Material shown -

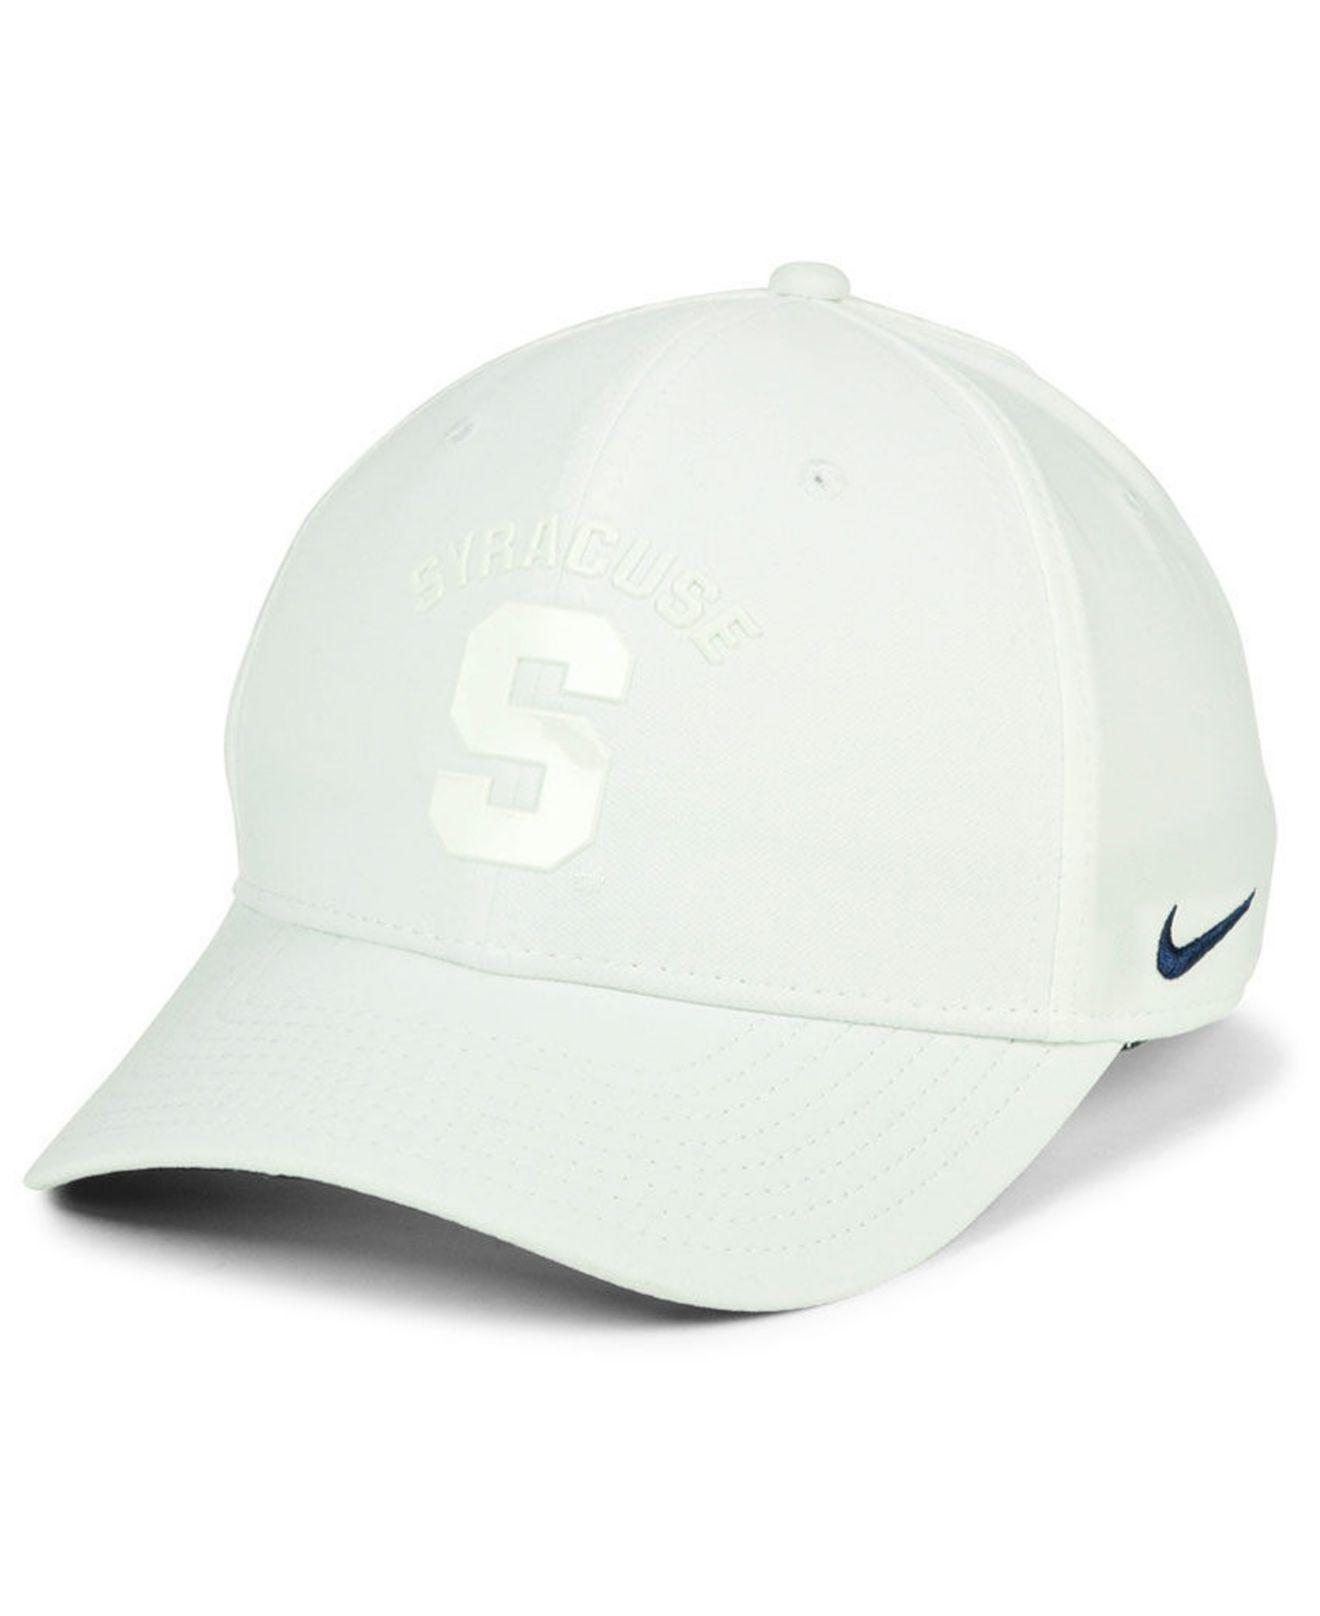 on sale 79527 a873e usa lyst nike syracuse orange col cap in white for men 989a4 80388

* * *

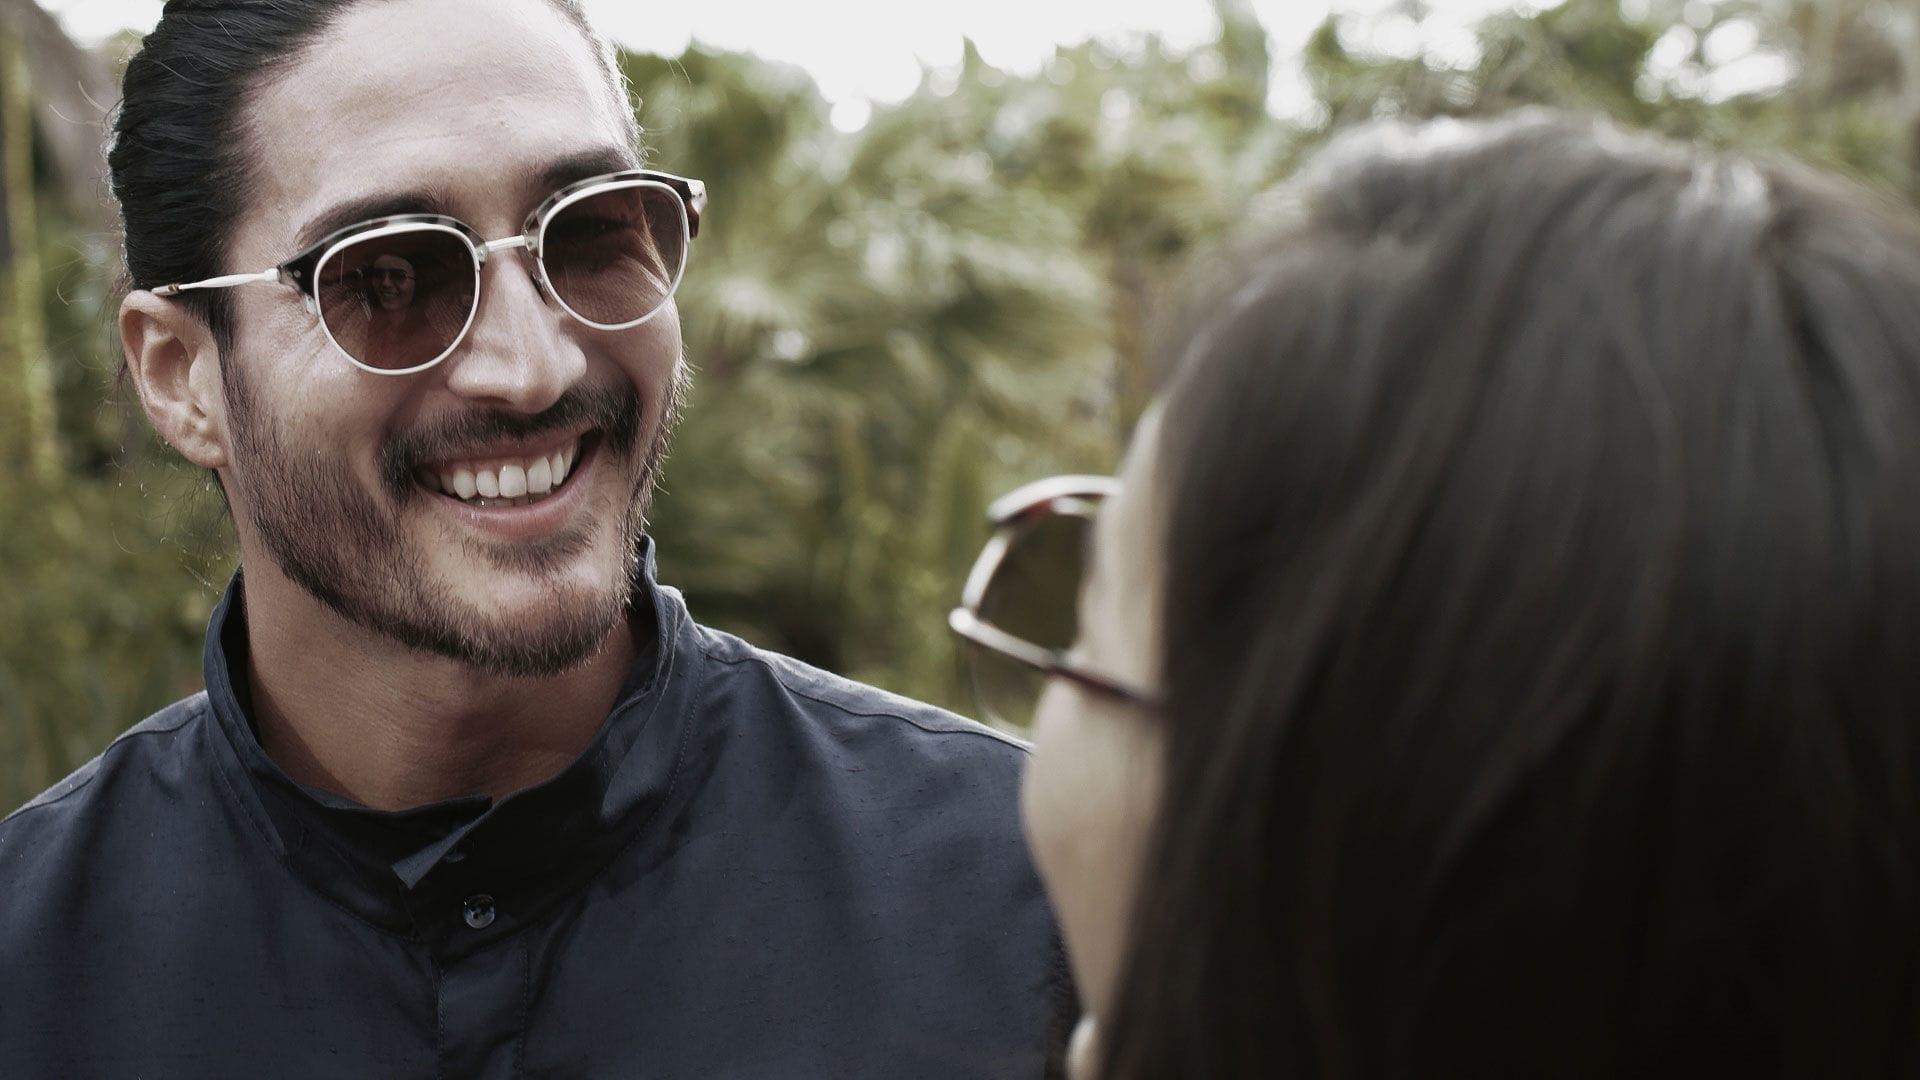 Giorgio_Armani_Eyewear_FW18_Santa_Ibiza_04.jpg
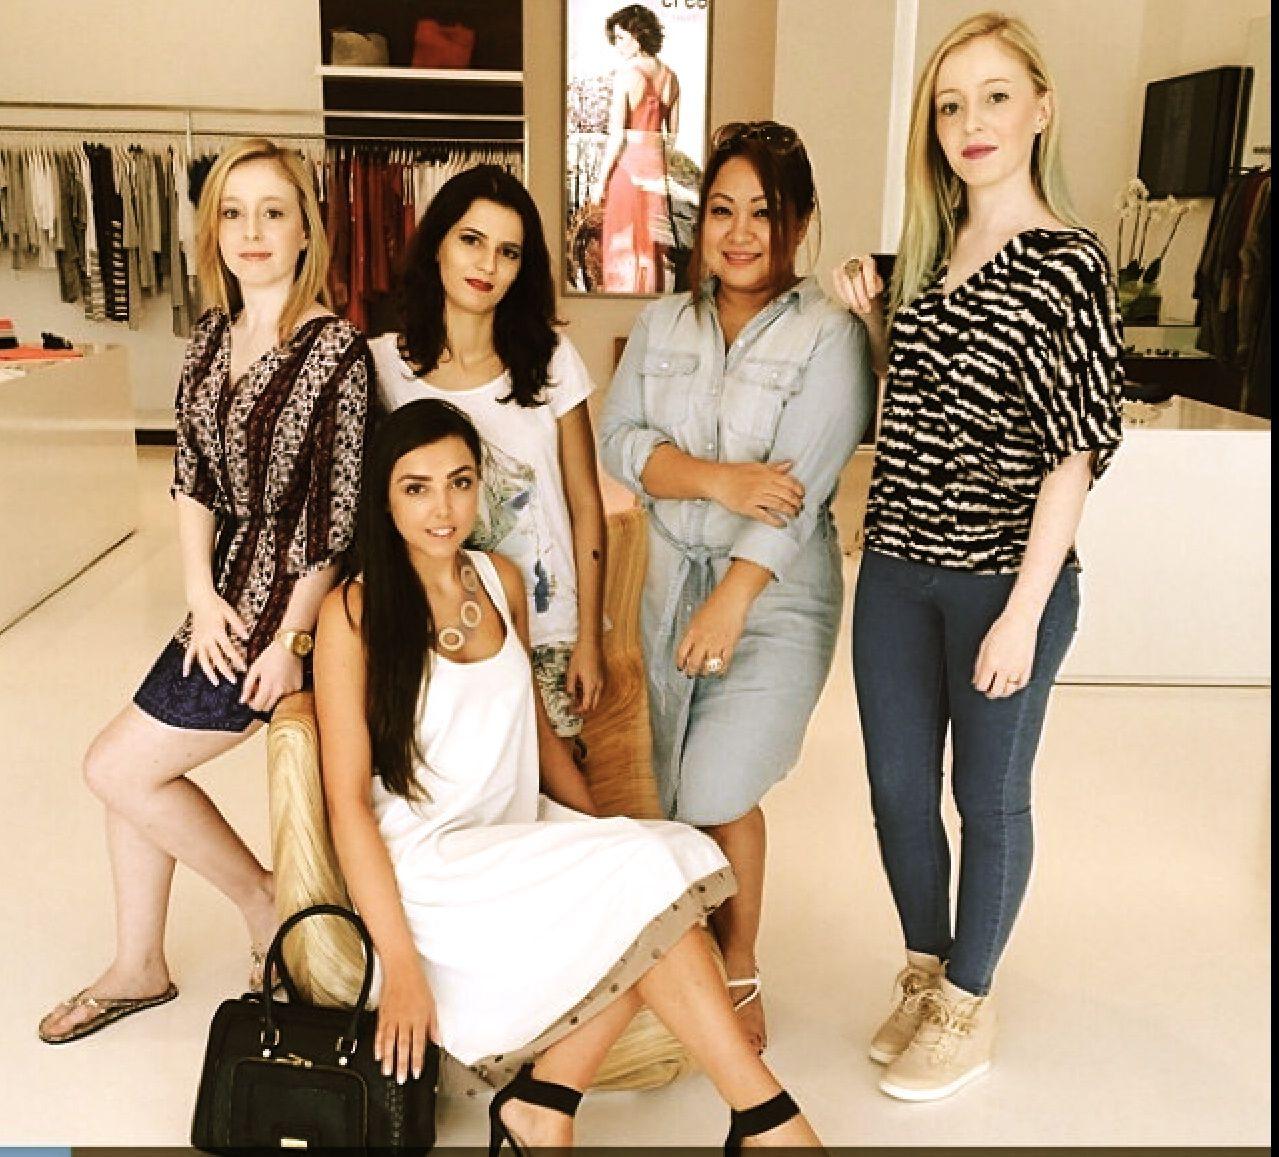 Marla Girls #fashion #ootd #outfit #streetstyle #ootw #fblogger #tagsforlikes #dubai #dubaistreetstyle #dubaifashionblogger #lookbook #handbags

Your instructions -
With the pictures omitted, copy exactly the lines of the listing above starting at the line containing "Giorgio_Armani_Eyewear_FW18_Santa_Ibiza_04.jpg" and ending at the line containing "Marla Girls #fashion", both included.

Written solution -
 Giorgio_Armani_Eyewear_FW18_Santa_Ibiza_04.jpg
 Marla Girls #fashion #ootd #outfit #streetstyle #ootw #fblogger #tagsforlikes #dubai #dubaistreetstyle #dubaifashionblogger #lookbook #handbags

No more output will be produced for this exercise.